_Activity_
In the entries below, which lines run from the one with "Woodcut nude male" through the one with "Copper will quadruple"? Repeat exactly those, both included, and no pictures.

_Extracted data_

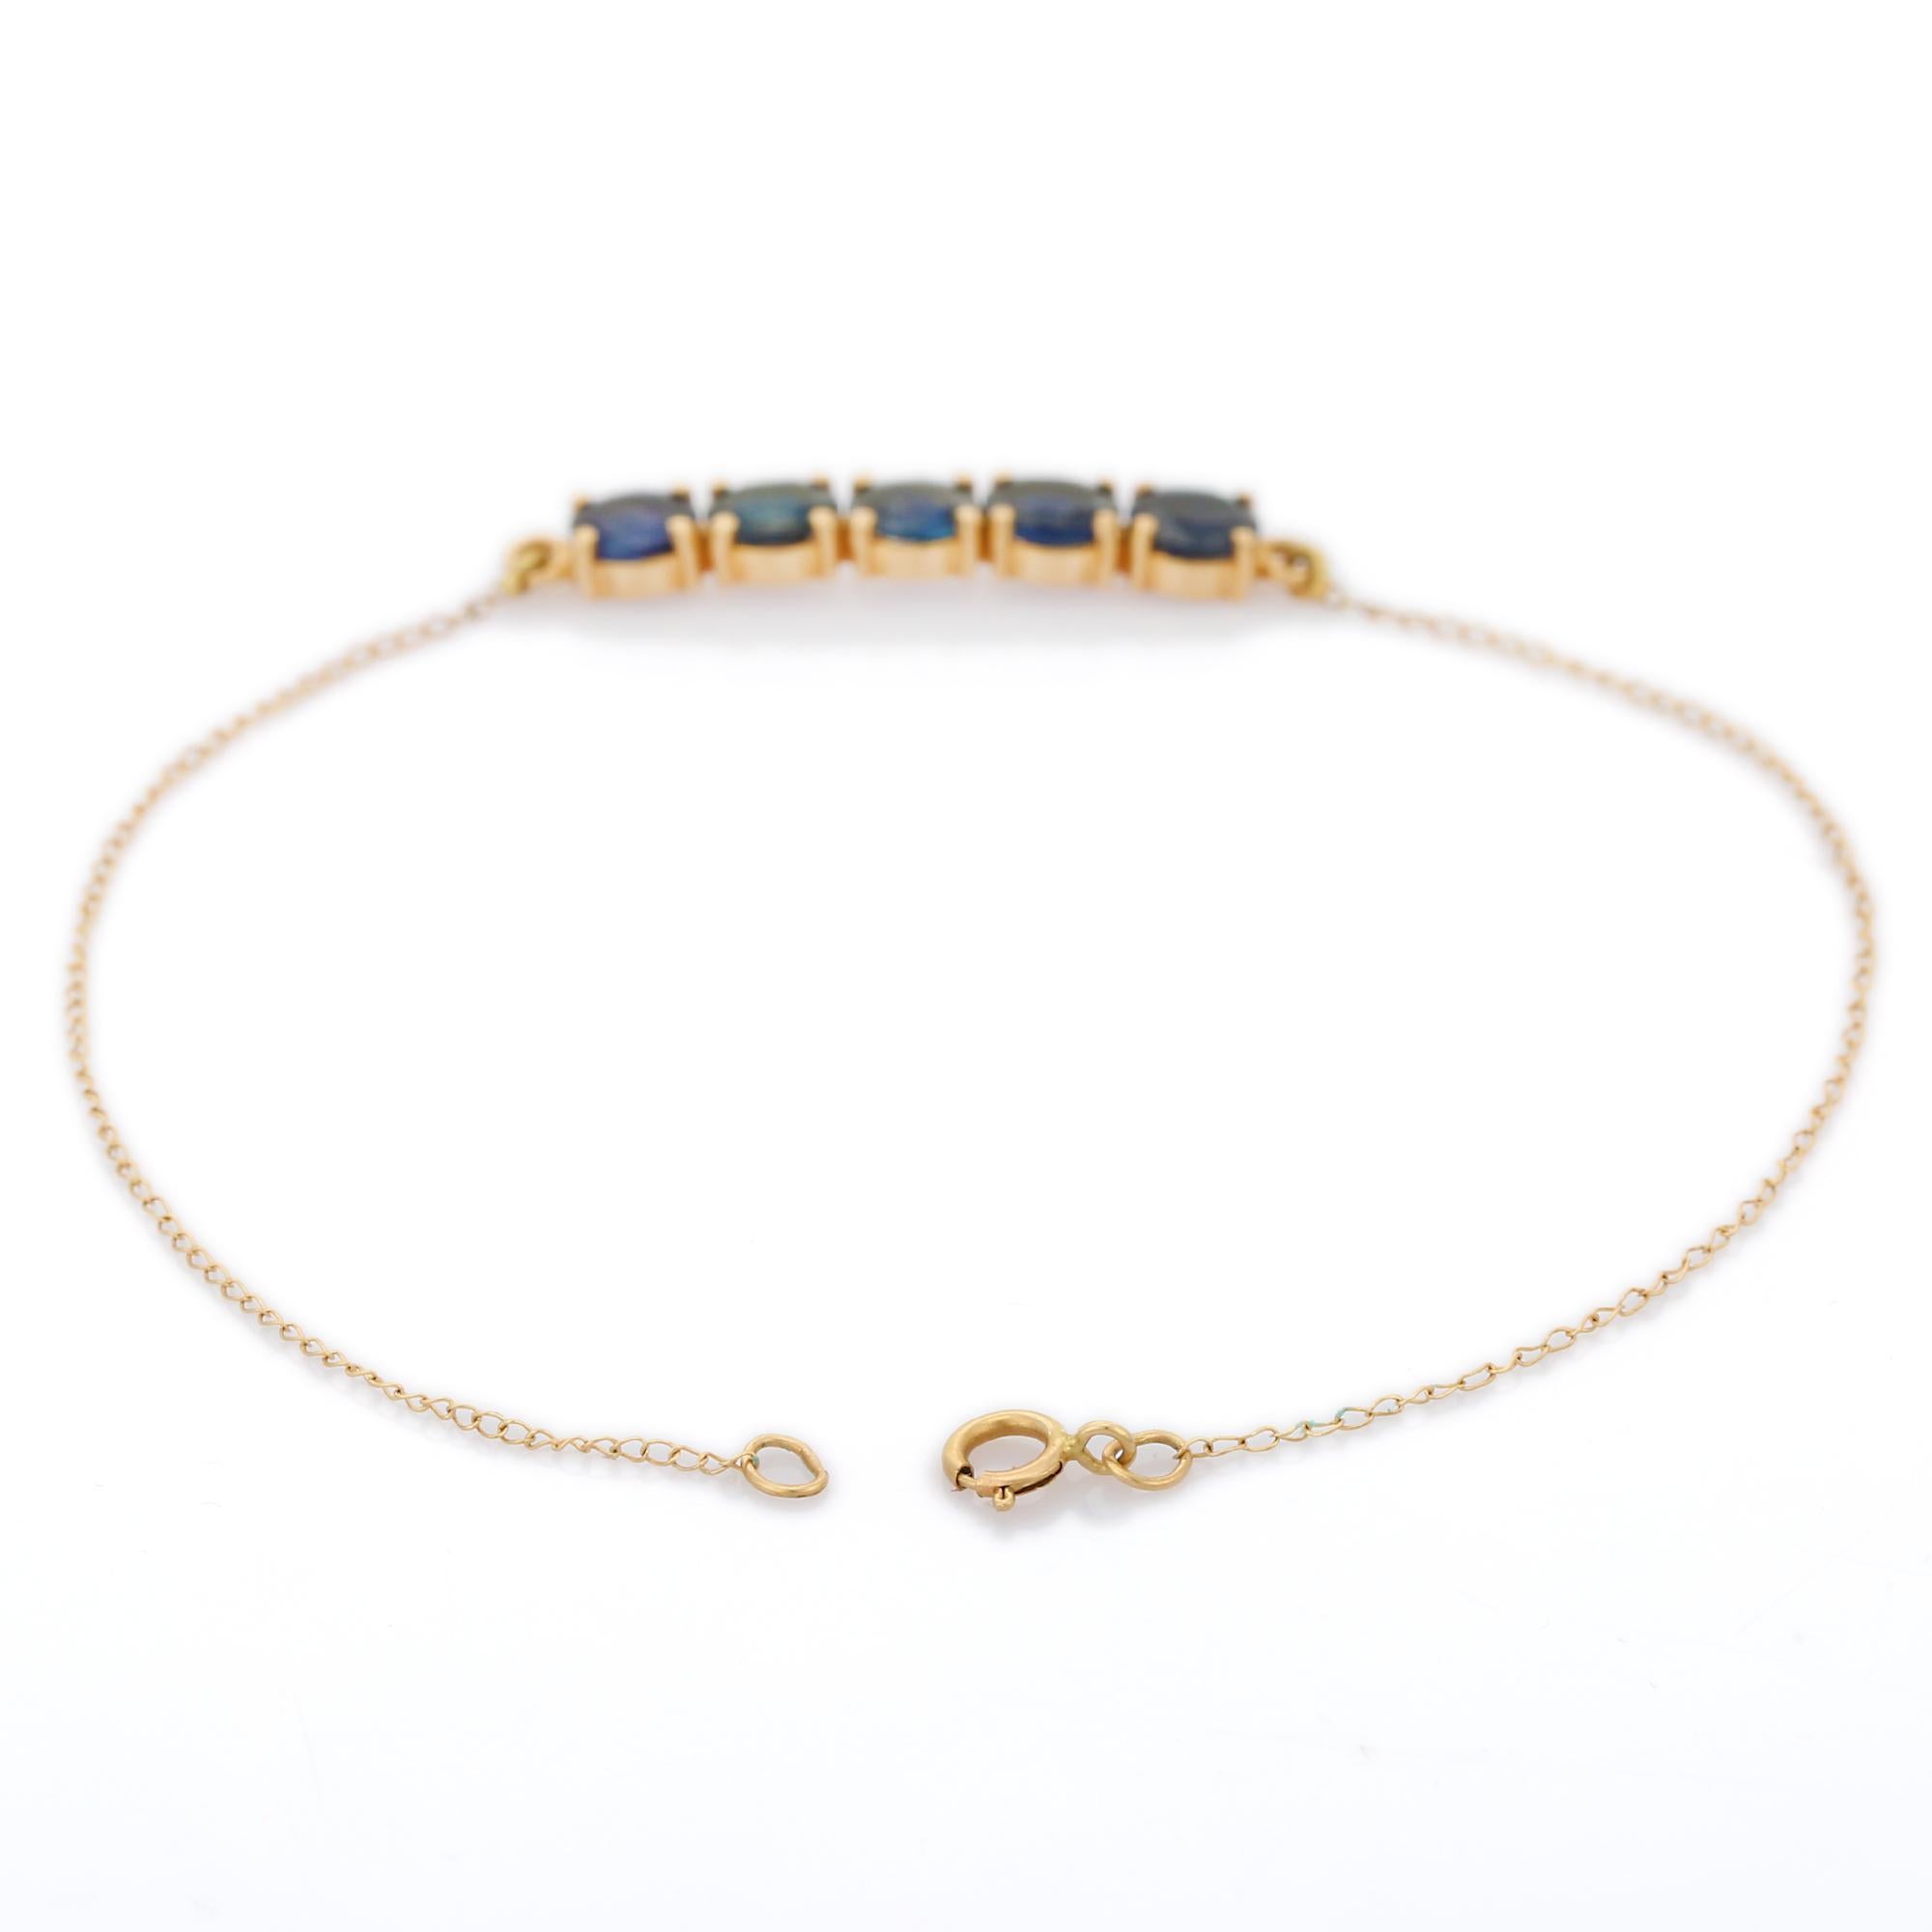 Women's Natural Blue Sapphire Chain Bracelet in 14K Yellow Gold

...

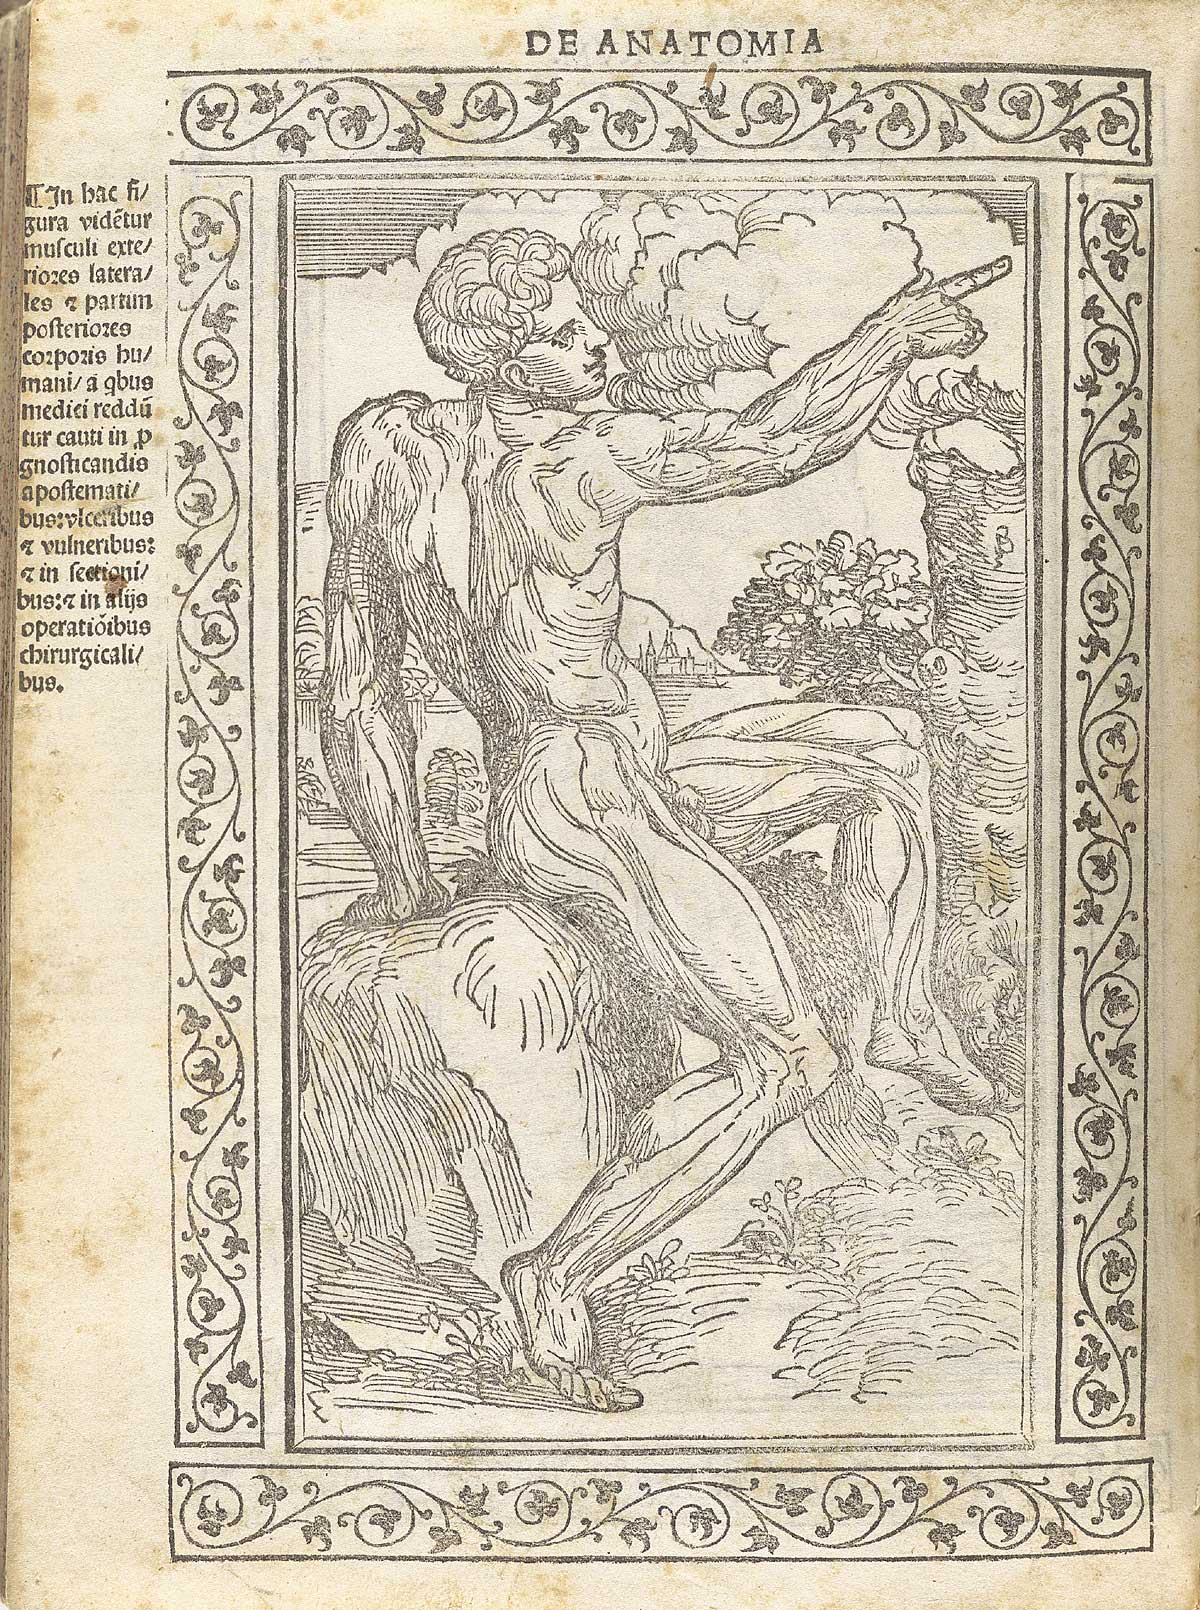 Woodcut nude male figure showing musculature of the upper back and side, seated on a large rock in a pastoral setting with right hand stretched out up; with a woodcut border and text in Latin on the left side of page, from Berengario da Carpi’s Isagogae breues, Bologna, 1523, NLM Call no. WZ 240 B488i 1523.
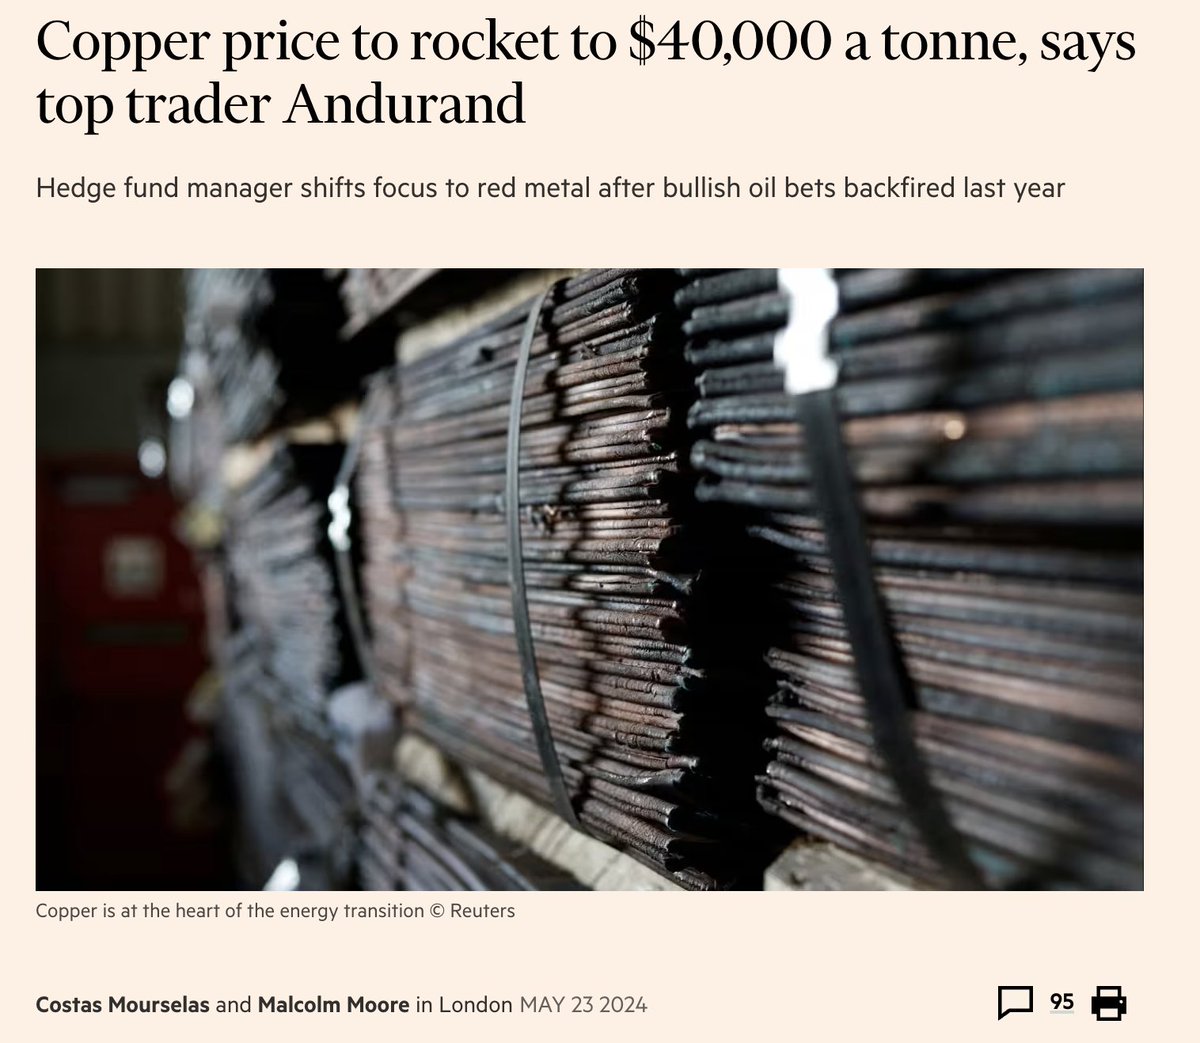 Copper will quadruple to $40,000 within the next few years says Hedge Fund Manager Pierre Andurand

_Task output_
 Woodcut nude male figure showing musculature of the upper back and side, seated on a large rock in a pastoral setting with right hand stretched out up; with a woodcut border and text in Latin on the left side of page, from Berengario da Carpi’s Isagogae breues, Bologna, 1523, NLM Call no. WZ 240 B488i 1523.
 Copper will quadruple to $40,000 within the next few years says Hedge Fund Manager Pierre Andurand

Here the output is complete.